INFORMATION SHOWN |
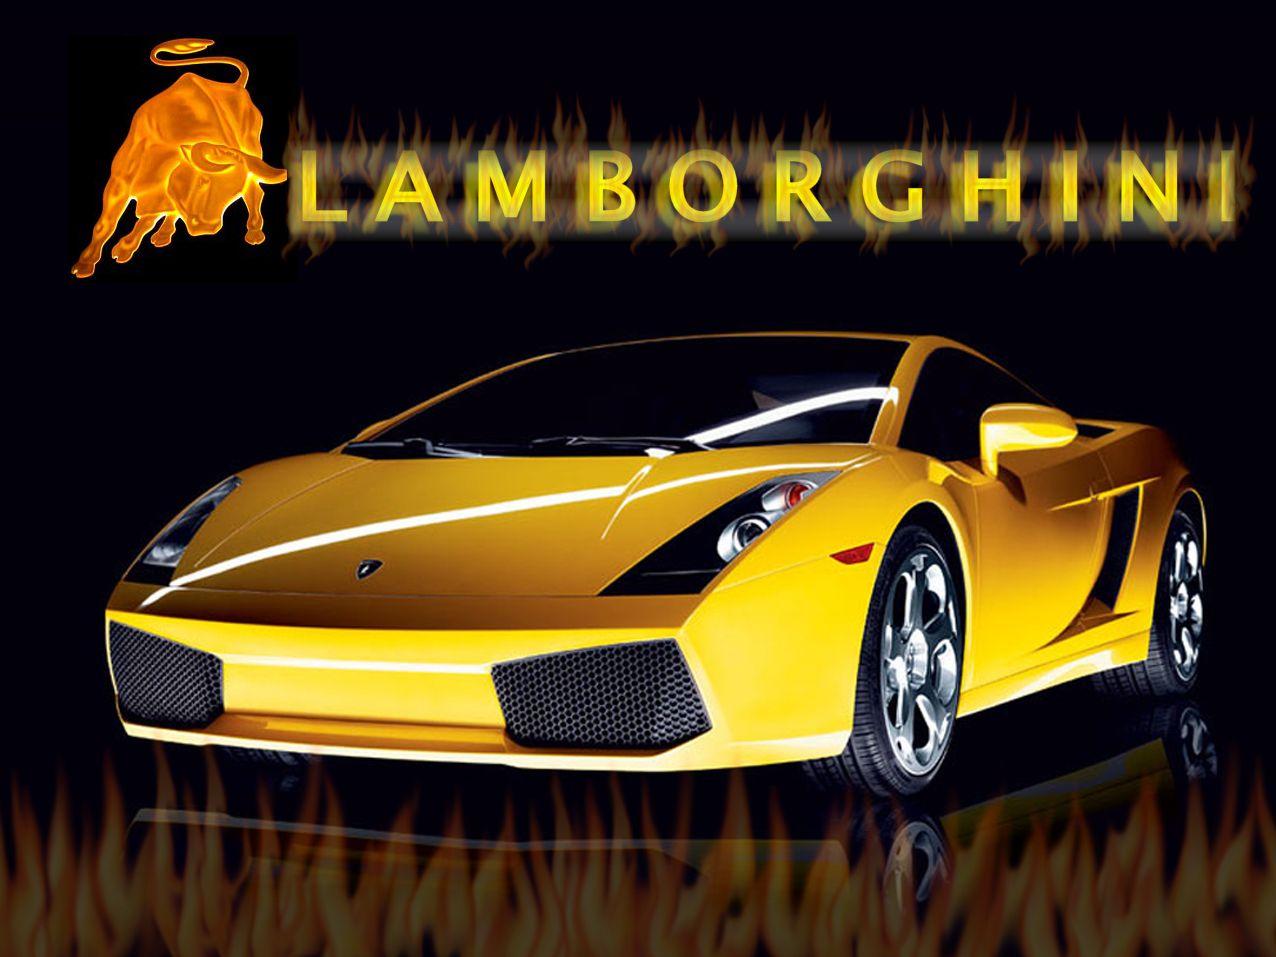 Wallpaper Of Lamborghini
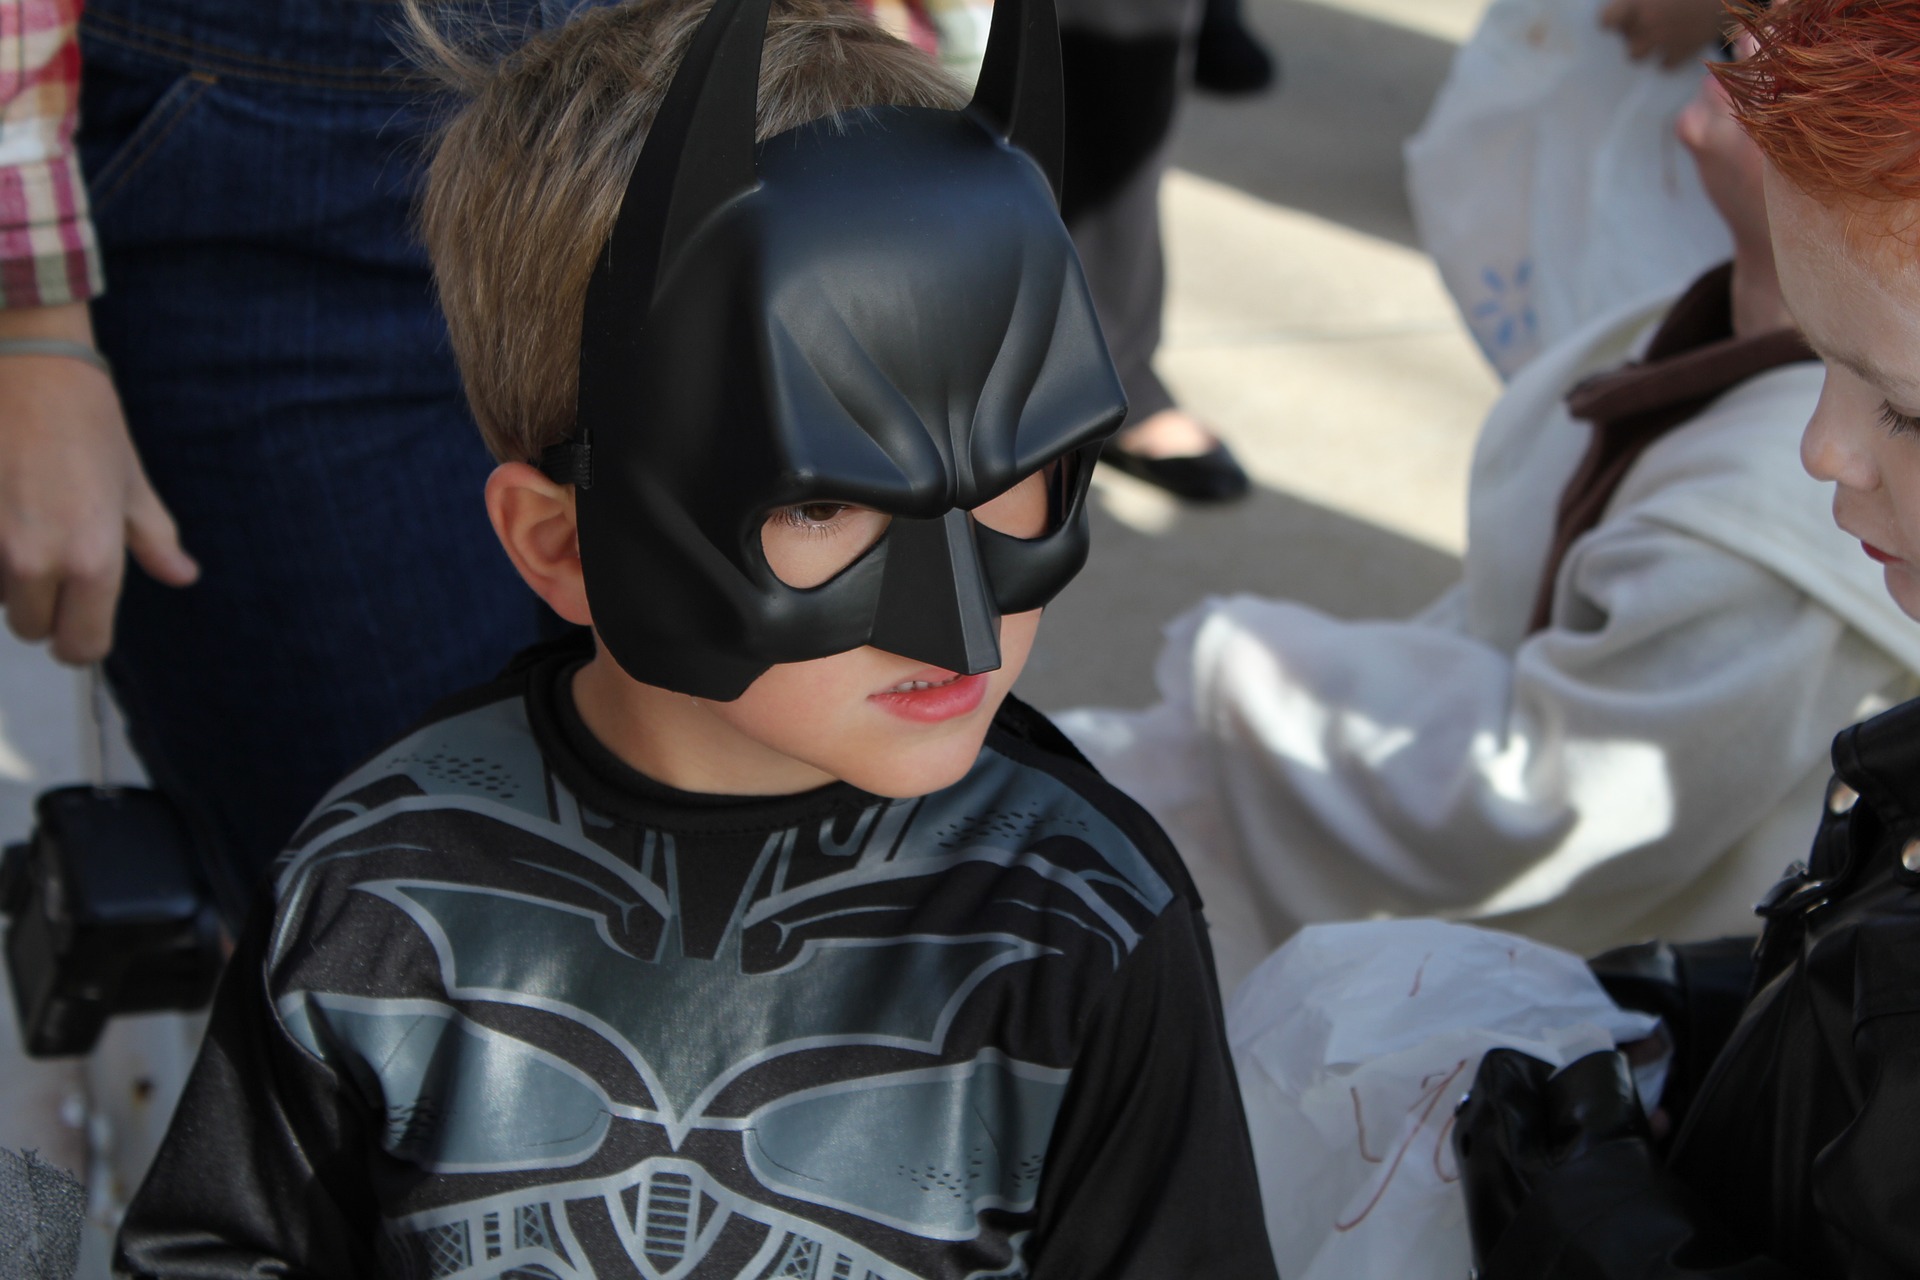 A kid wearing a batman costume on halloween
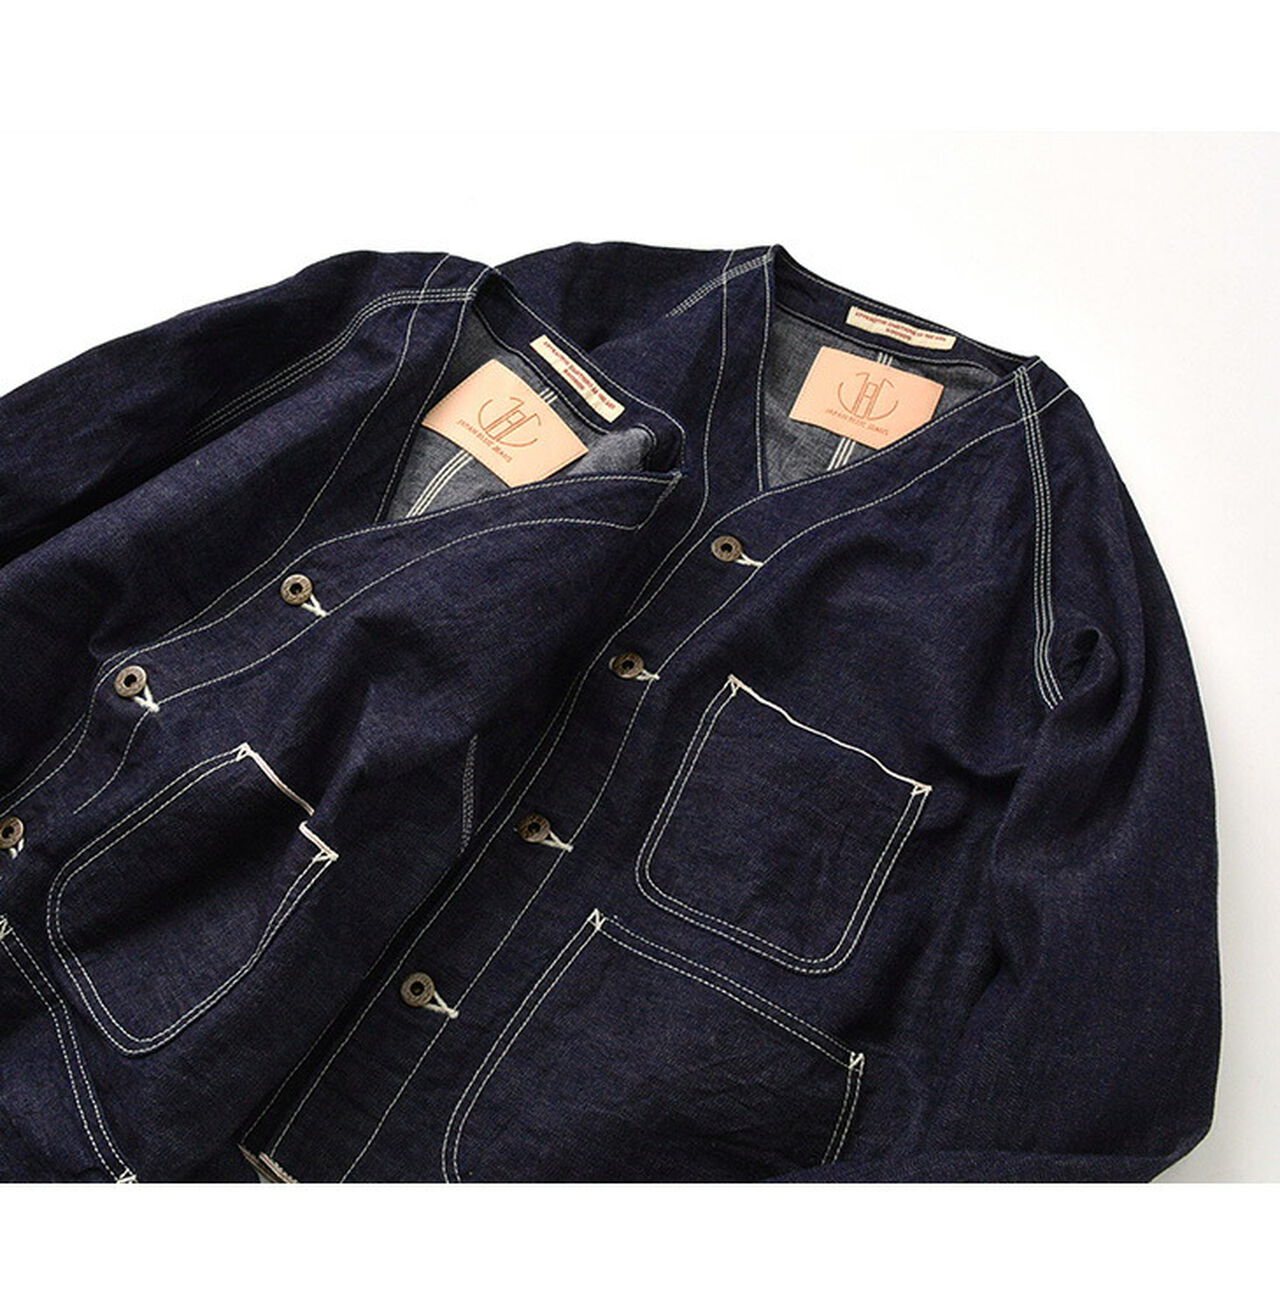 Check out GANRYU's Unique Adjustable Nylon Strap Selvedge Denim Jacket

WHAT YOU ARE ASKED TO DO | Only the pictures are to be dropped; return everything else in the listing exactly.

RESPONSE AREA |
 Wallpaper Of Lamborghini
 A kid wearing a batman costume on halloween
 Check out GANRYU's Unique Adjustable Nylon Strap Selvedge Denim Jacket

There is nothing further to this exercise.